NewsLatin America'Night of fire' commands the Ariel Awards of Mexican cinema

‘Night of fire’ commands the Ariel Awards of Mexican cinema

The Ariel Awards elevated the film by Fire night in its 64th edition. The Oscars of Mexican cinema awarded this Tuesday night seven awards to the film directed and written by Tatiana Huezo. The film production tells the story of three friends who seek to survive in territory controlled by organized crime. The gala, held at the Antiguo Colegio de San Ildefonso in Mexico City, was also a plea to raise the voice against militarization in the streets and more budgets for the Mexican Academy of Cinematographic Arts and Sciences (AMACC).

Huezo’s film, based on the novel Ladydi by Jennifer Clement, conquered the Mexican Academy for its fierce portrayal of violence in which Ana and her friends grow up, a childhood entrenched between the threats of the narco who controls the poppy fields and the siege of the military. The female gaze of the protagonist is intertwined with the laughter of her friends, the scolding of her mother and the silence of all those women who, alone in those towns where men have emigrated, try to earn a living.

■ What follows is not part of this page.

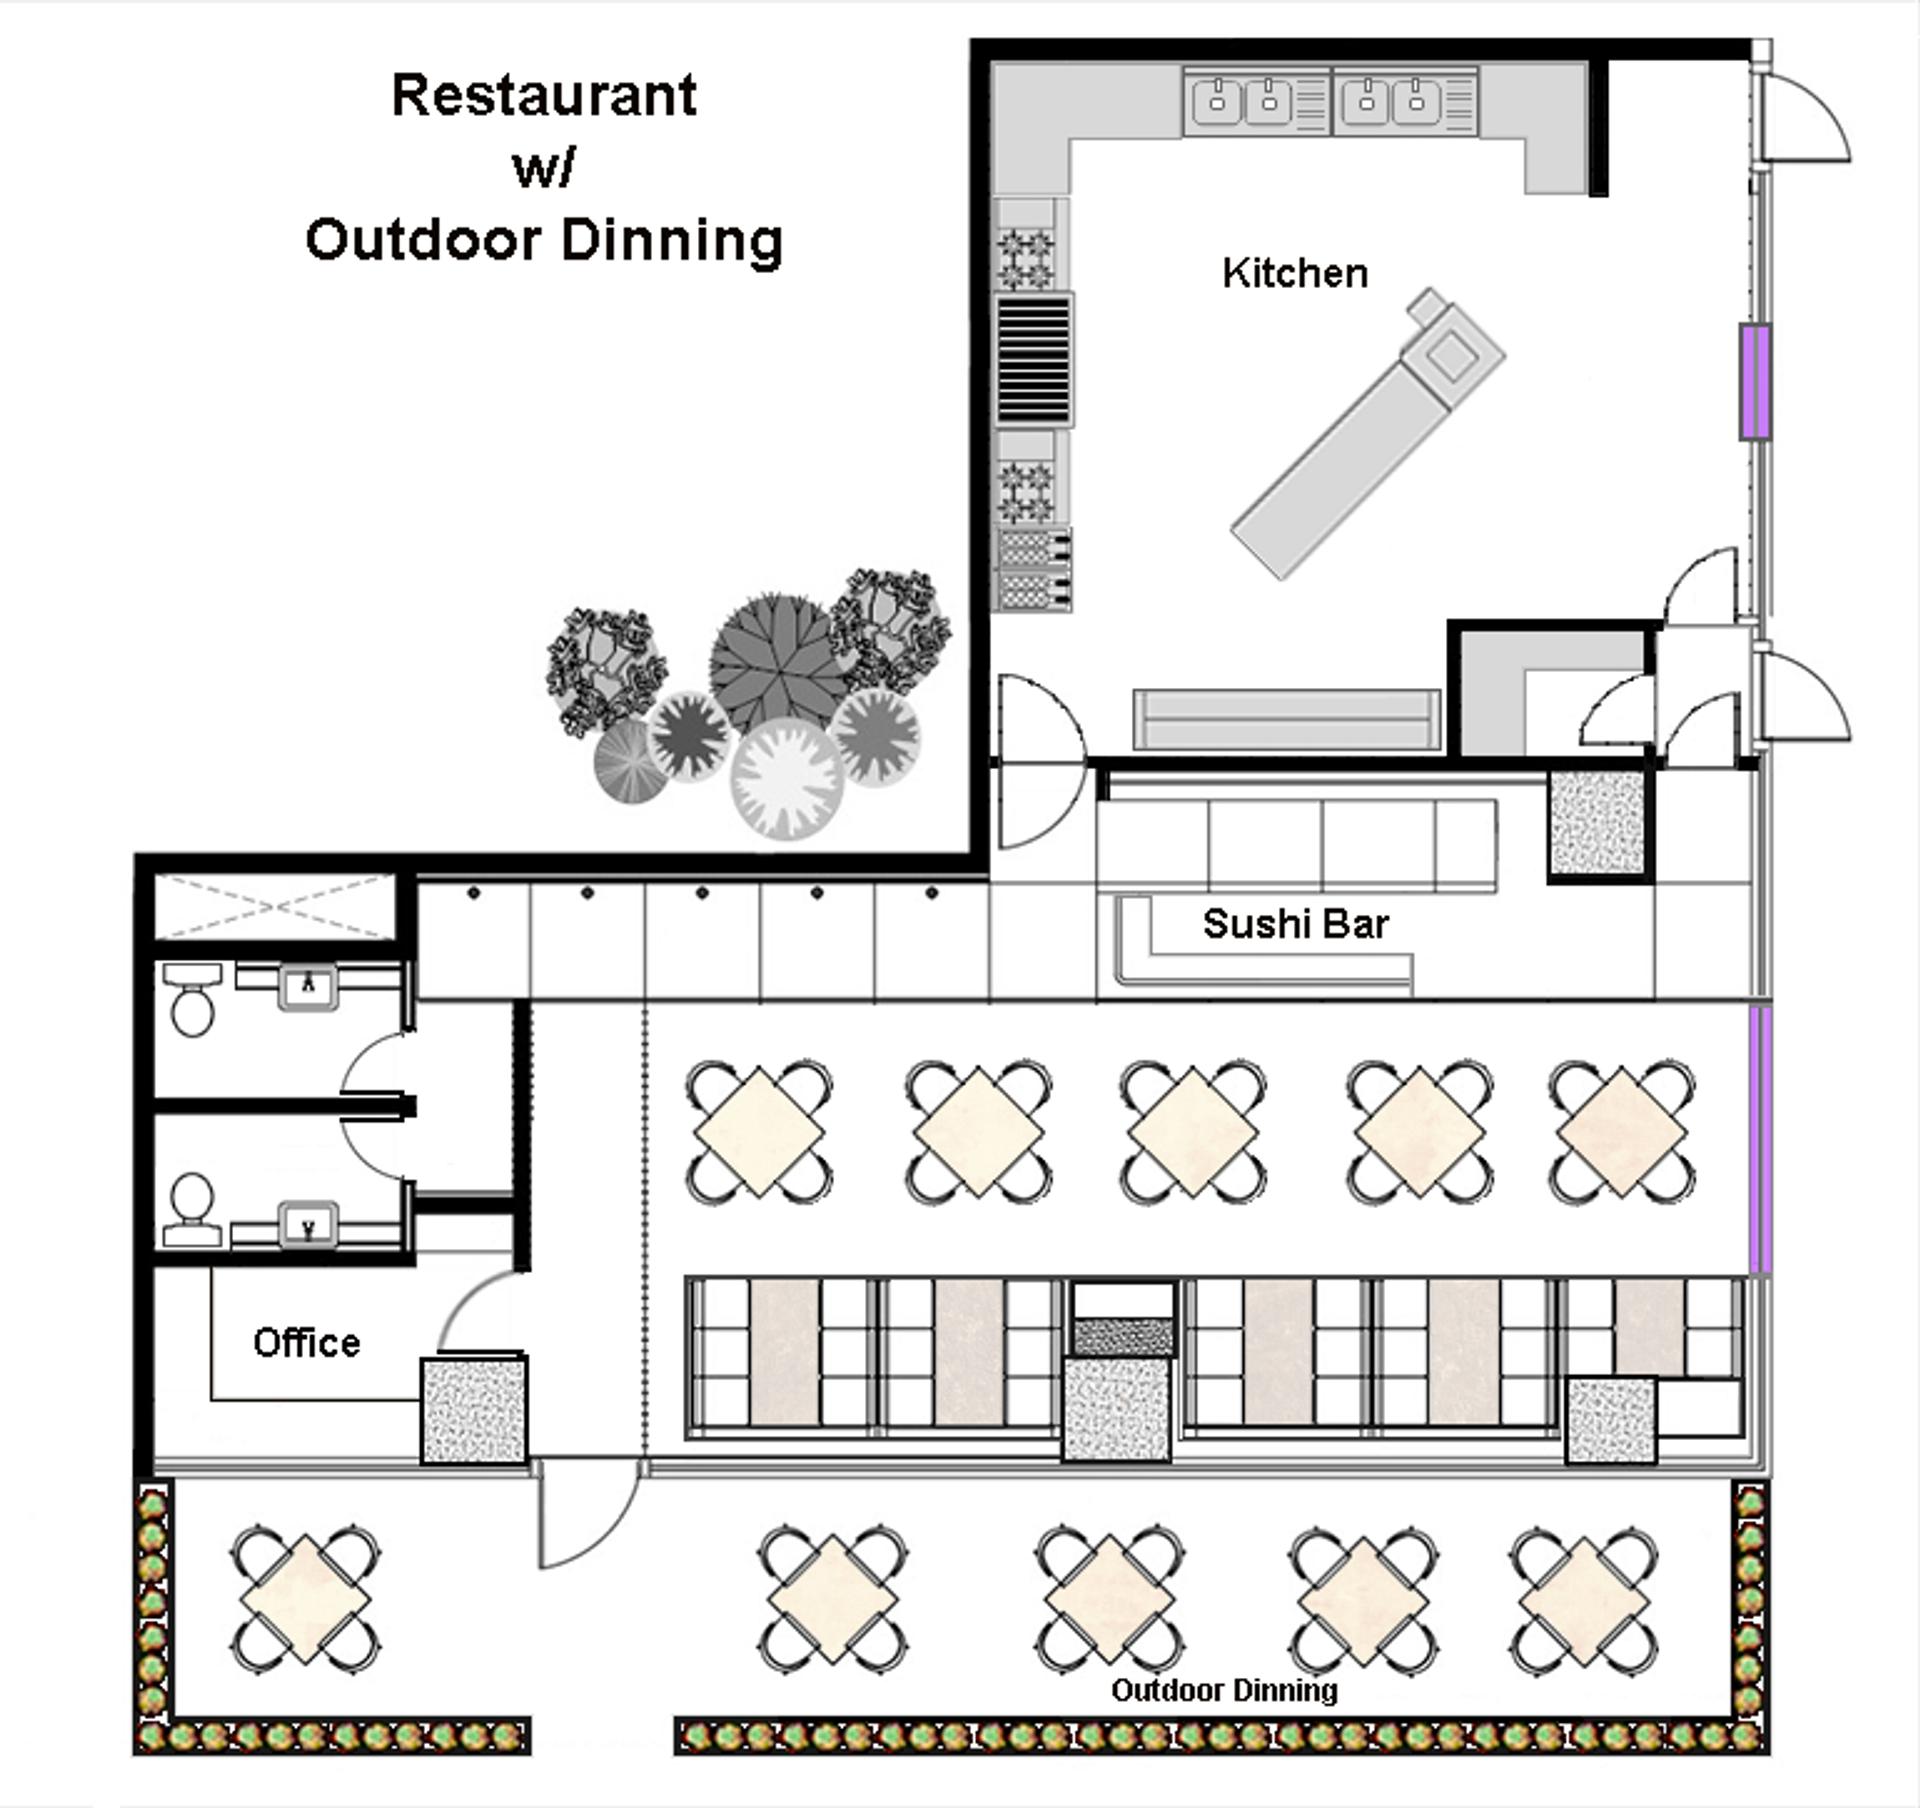 Cómo diseñar planos de restaurantes [Ejemplos y consejos]

a police movie He won the awards for best director, best actor and best actress. The Academy surrendered to the police couple played by Raul Briones and Monica del Carmen in a documentary that combined fiction with documentary narrative. The director of this film, Alonso Ruizpalacios, also receiving the award for best documentary feature film, called for the non-militarization of Mexico. In total, this film won six statuettes.

The Black Minutes It won the main technical categories such as best costume or art design and the surprise was the best makeup category with a tie and two winners: Fire night Y The exorcism of Carmen Farias. In the category of best Ibero-American film, the winner was the Spanish The Good Pattern’ by Fernando Leon.

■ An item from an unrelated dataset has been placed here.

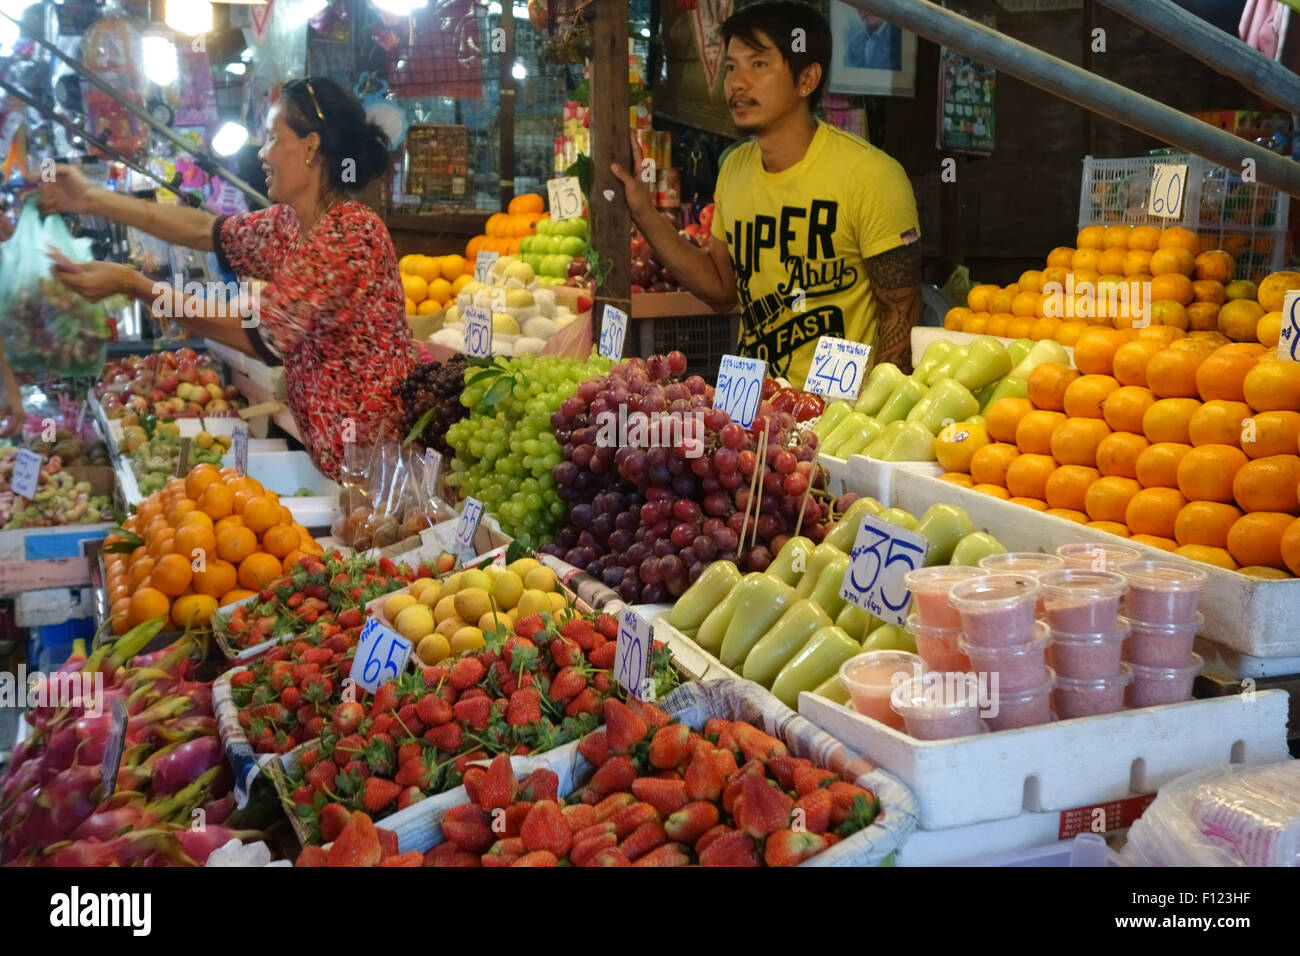 Pressione di stallo di frutta in una Bangkok mercato alimentare con prezzi in baht tailandese e una donna che serve i clienti, Thailandia Foto Stock
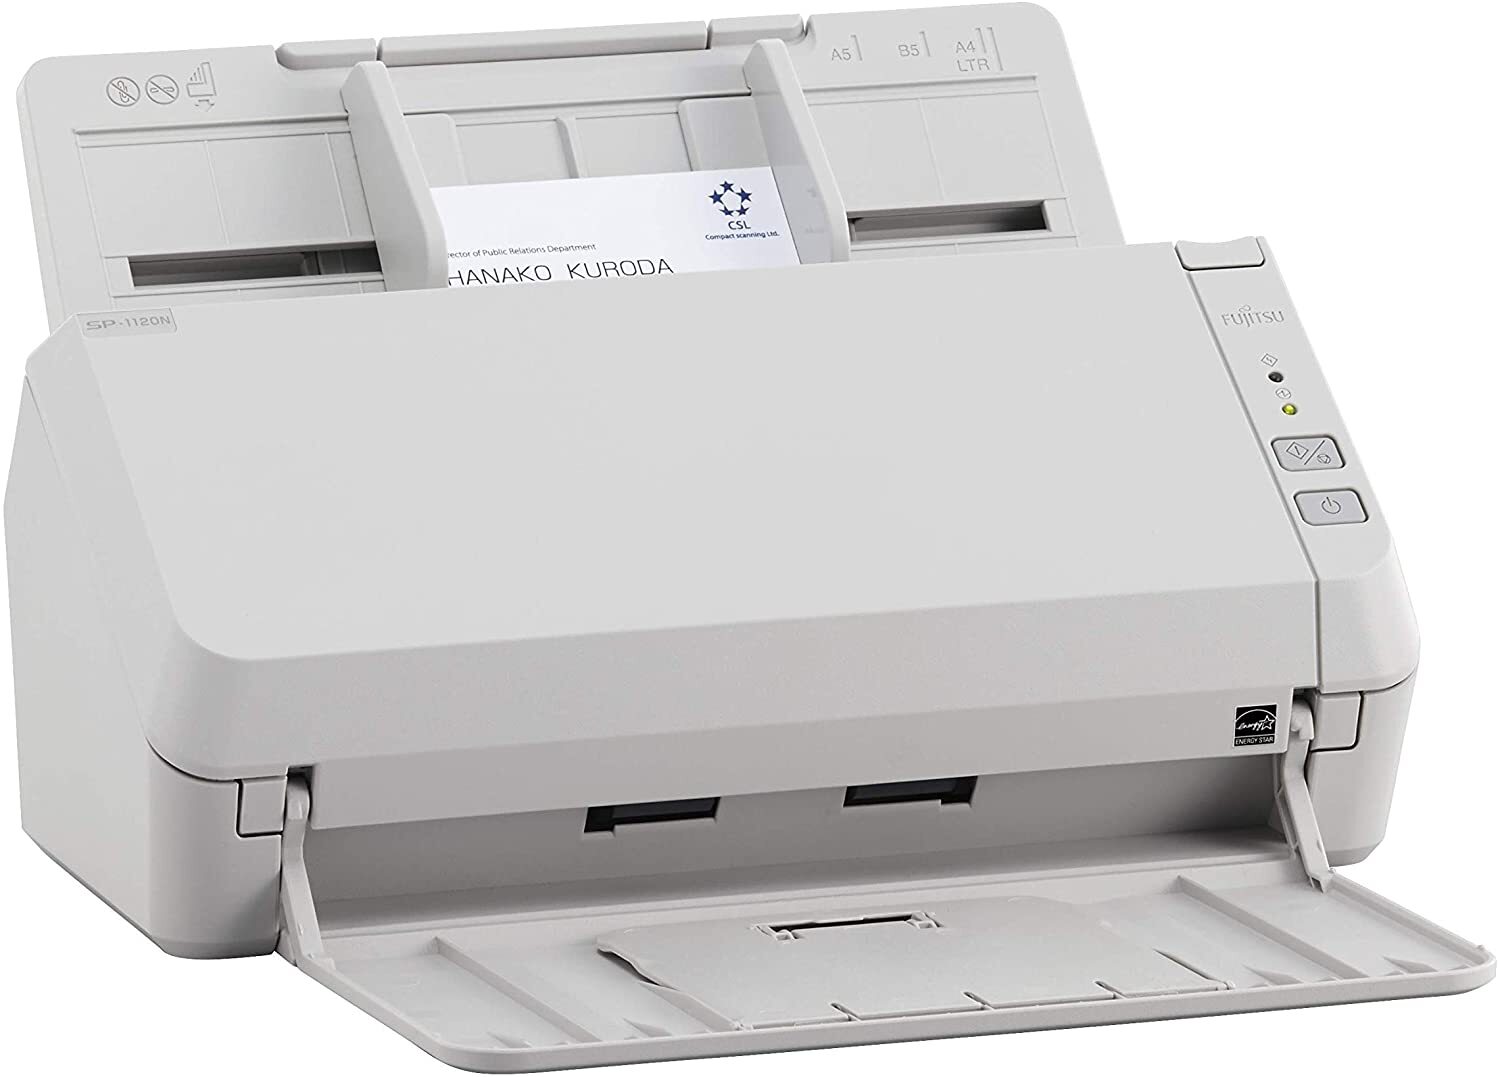  Документ-сканер A4 Fujitsu SP-1130N (PA03811-B021) фото

The award for best debut film went to mixtec knot by Angeles Cruz. The film’s director and screenwriter dedicated the award to her community. “We hope to have real screen time, that they do not always send us to the queue, I think there are great films that are always emerging, from community filmmakers and it seems that there is no space, that there is not enough billboard and also in the Academy that turns to see those filmmakers who are often not taken into account. So we hope that mixtec knot serve a little to open that path, ”he mentioned during his time on the Red Carpet.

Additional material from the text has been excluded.